1. Case 1 - when sorted array is not rotated with any steps In this case, our array is a sorted array but does not rotate with any steps. So, to check this case, we do the below expression:

`````` if (arr[left] <= arr[high]) {
return left;
}
``````
2. Case 2 - When our mid index points to the minimum element So, we will check it by using the following condition:

`````` int next = (mid + 1) % n;   // n is the length of the array
int prev = (mid + n - 1) % n;

if (arr[mid] < arr[next] && arr[mid] < arr[prev]) {
return mid;
}
``````
3. Case 3 - When our mid index points to the element that is belong to the sub-array. It does not contains the minimum element. In order to know exactly how we are under this case, we will use the below condition:

`````` if (arr[left] <= arr[mid]) {
left = mid + 1;
}
``````

Due to the minimum element that is belong to the other side, so we will shift the right side.

4. Case 4 - When our mid index points to the element that is belong to the sub-array.

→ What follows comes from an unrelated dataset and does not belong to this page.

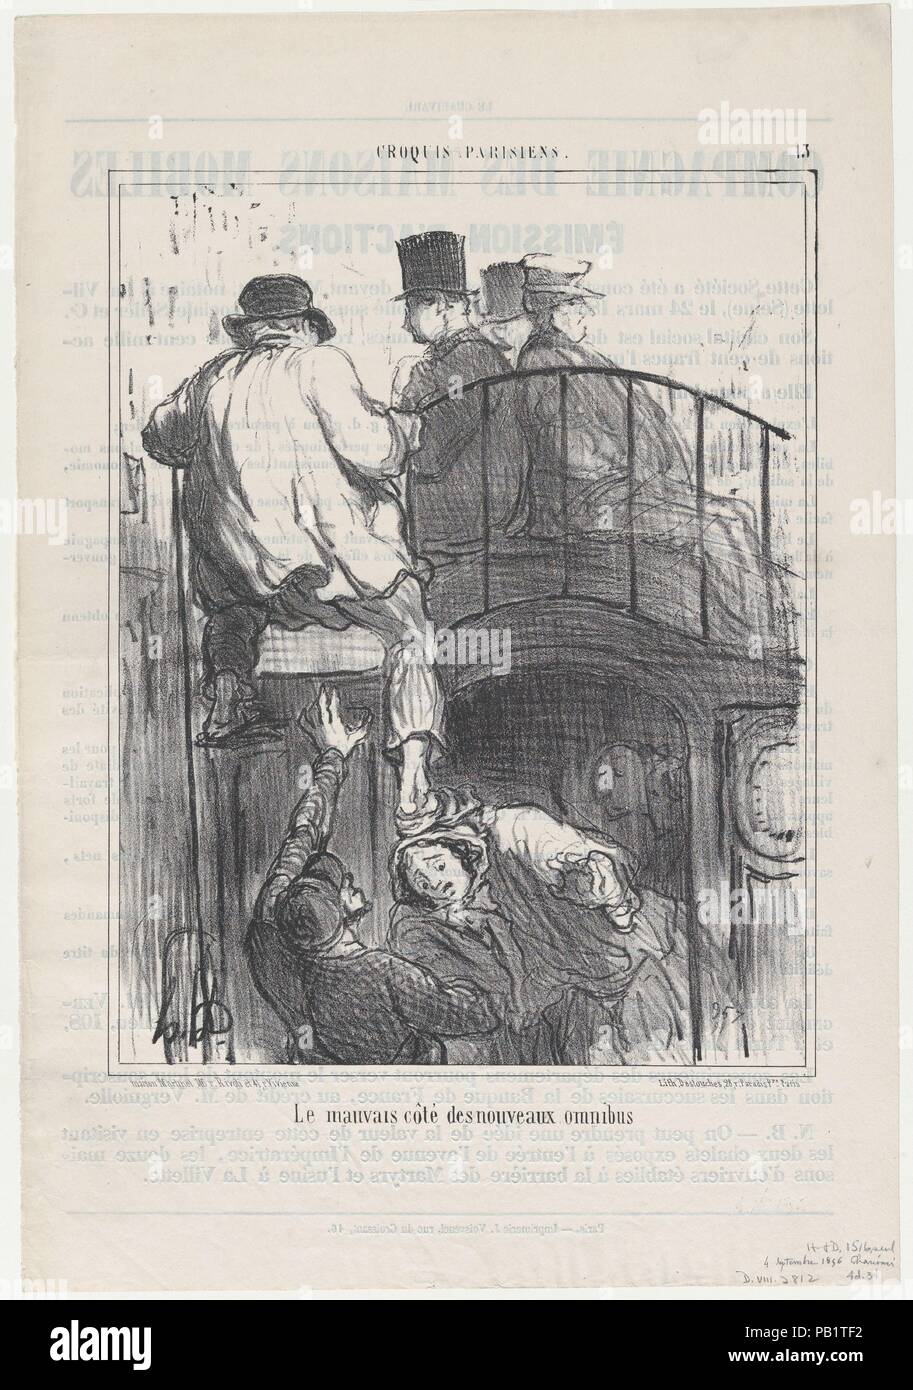 Le mauvais côté de nouveaux Omnibus, von Croquis Parisiens, in Le Charivari, 4. September 1856 veröffentlicht. Artist: Honoré Daumier (Französisch, Marseille 1808-1879 Valmondois). Maße: Blatt: 14 5/8 x 10 1/16-in. (37,2 × 25,6 cm) Bild: 10 1/8 x 7 7/8 in. (25,7 × 20 cm). Drucker: destouches (Paris). Herausgeber: Aaron Martinet (Französisch, 1762-1841). Serie/Portfolio: Croquis Parisiens. Datum: September 4, 1856. Museum: Metropolitan Museum of Art, New York, USA. Stockfoto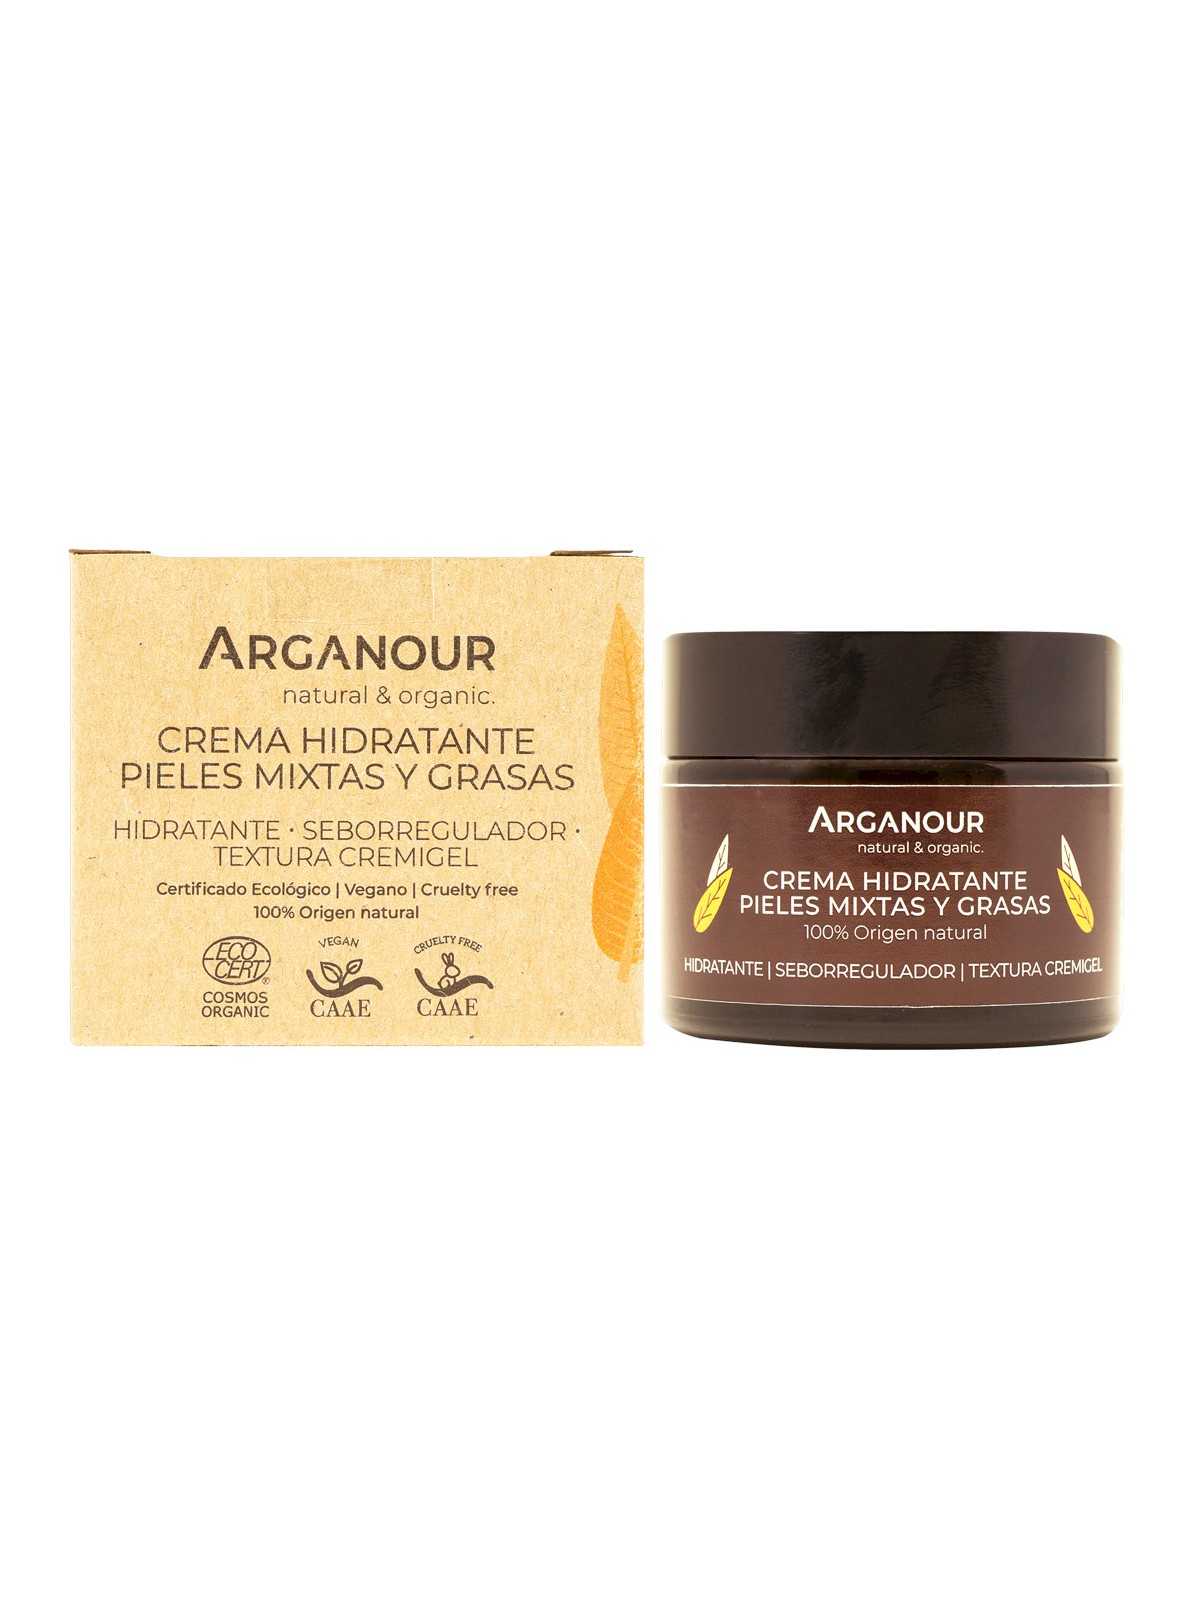 Comprar Arganour crema pieles mixtas y grasas 50ml en Inicio por sólo 11,95 € o un precio específico de 11,95 € en Thalie Care

It contains the minimum element. `````` if (arr[mid] <= arr[right]) {
right = mid - 1;
}
``````

Based on the four conditions, we will have source code for this problem:

``````public static int findMinElement(int[] arr) {
int len = arr.length;
int left = 0;
int right = len - 1;

while (left <= right) {
if (arr[left] <= arr[right]) {  // Case 1: sorted array
return left;
}

int mid = left + (right - left) / 2;
int next = (mid + 1) % len;
int prev = (mid + len - 1) % len;
if (arr[mid] <= arr[next] && arr[mid] <= arr[prev]) {   // Case 2: mid index points to the minimum element
return mid;
} else if (arr[mid] <= arr[right]) {    // Case 4
right = mid - 1;
} else if (arr[mid] >= arr[left]) {     // Case 3
left = mid + 1;
}
}

return -1;
}
``````

The complexity of Binary Search:

• Time complexity: O(log(n)) - n is the number of elements of this array
• Space complexity: O(1)

## Wrapping up

• Understanding about what the rotated array is, and its properties.

• When we have two different trends in our array, we can use Binary Search to solve this problem.

• From this problem, we can find that in a rotated array, the index of the minimum element will be equal to the number of rotation of its array.